OXFORD.- Modern Art Oxford presents a survey of historical and recent works by seminal British artist Stuart Brisley.
This exhibition reveals aspects of Brisleys broader artistic practice and includes early and rarely seen works, alongside more recent paintings, video and sculpture.
State of Denmark surveys the breadth and consistent inventiveness of Brisleys practice over many decades, and asserts his influence as one of the most important and enduring voices in international contemporary art.
All work needs content, says Brisley, without content there is no work. Alongside a distinct formalism that underpins six decades of practice, Brisley has unflinchingly probed the political, cultural and social territory of our time. His work conveys a profound and singular voice that sharply resonates with a younger generation of contemporary artists working today.
State of Denmark includes film and performance photography of some of Brisleys most prescient performances, including Before the Mast (2013 - 14) and the recently digitised Incidents in Transit (1992 - 2014). These works trace the artists enduring relationship with the body as site, tool and instrument for directly addressing the autonomy of the individual and fundamental notions of power, authority and freedom.
In the Upper Gallery, Brisleys iconic sculpture, Hille Fellowship (1970) is presented alongside a new installation entitled State of Denmark (2014). Hille Fellowship comprises 212 interlocking chair frames to form a perfect circle. The work is a response to Brisleys experience of working in situ at Hille International Ltd, a furniture factory in Suffolk, where he set about developing greater communication between workers and managers through a series of actions. State of Denmark is a large emblematic installation constructed from items of clothing, drawings and a crown around a wooden structure that invites visitors to respond to the precarity of seemingly permanent institutions like the monarchy.

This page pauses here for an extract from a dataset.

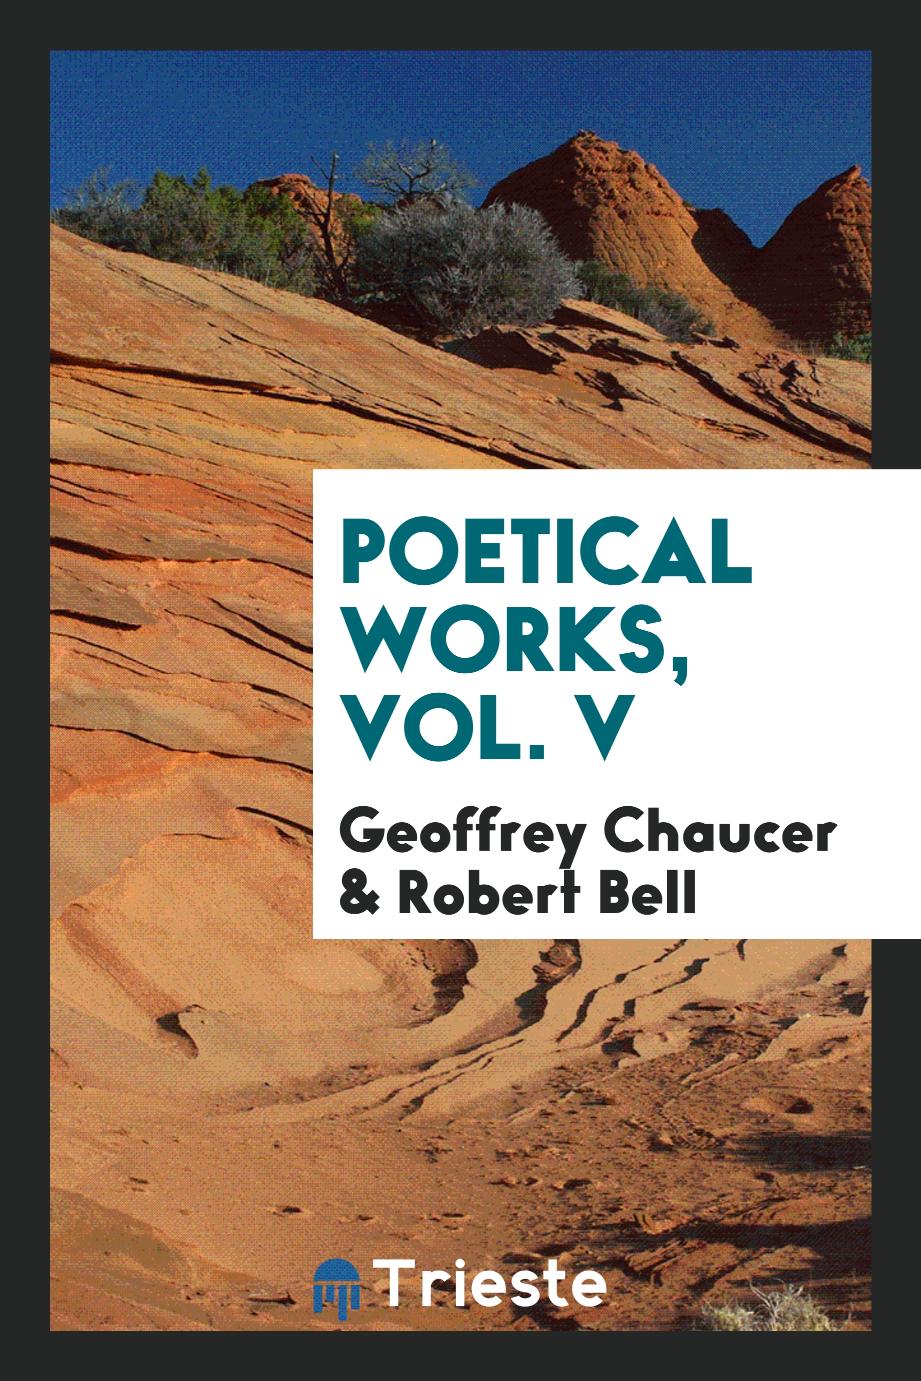 Poetical works, Vol. V

In the Piper Gallery, the act of painting is explored through a series of works in which the surface of a canvas accumulates and aggregates over time as the artist systematically and violently throws paint from an oblique angle onto the stretched surface. Brisley initiated the self-institution - Museum of Ordure (1996) which evokes an ongoing and increasingly important concern in Brisleys work, the tussle with societal and cultural detritus: rubbish, waste, faeces real, metaphorical and imagined and its impact on the concept of the public sphere and civil society.
State of Denmark is curated by David Thorp in association with the Museum of Ordure. Modern Art Oxford will also publish text by the curator, David Thorp.
Stuart Brisley is widely regarded as a key figure of British performance art. He is best known for the series of key performance related works created in the 1970s and 80s that re-defined what performance art might be and encompass. Brisley used his body as a metaphorical and allegorical site to enact and comment upon how the individual situates him/herself between authority and freedom. Over the last 60 years, Brisley has been creating innovative and diverse work that engages with the most traditional of forms, alongside performance, of painting, photography, sculpture, video and drawing.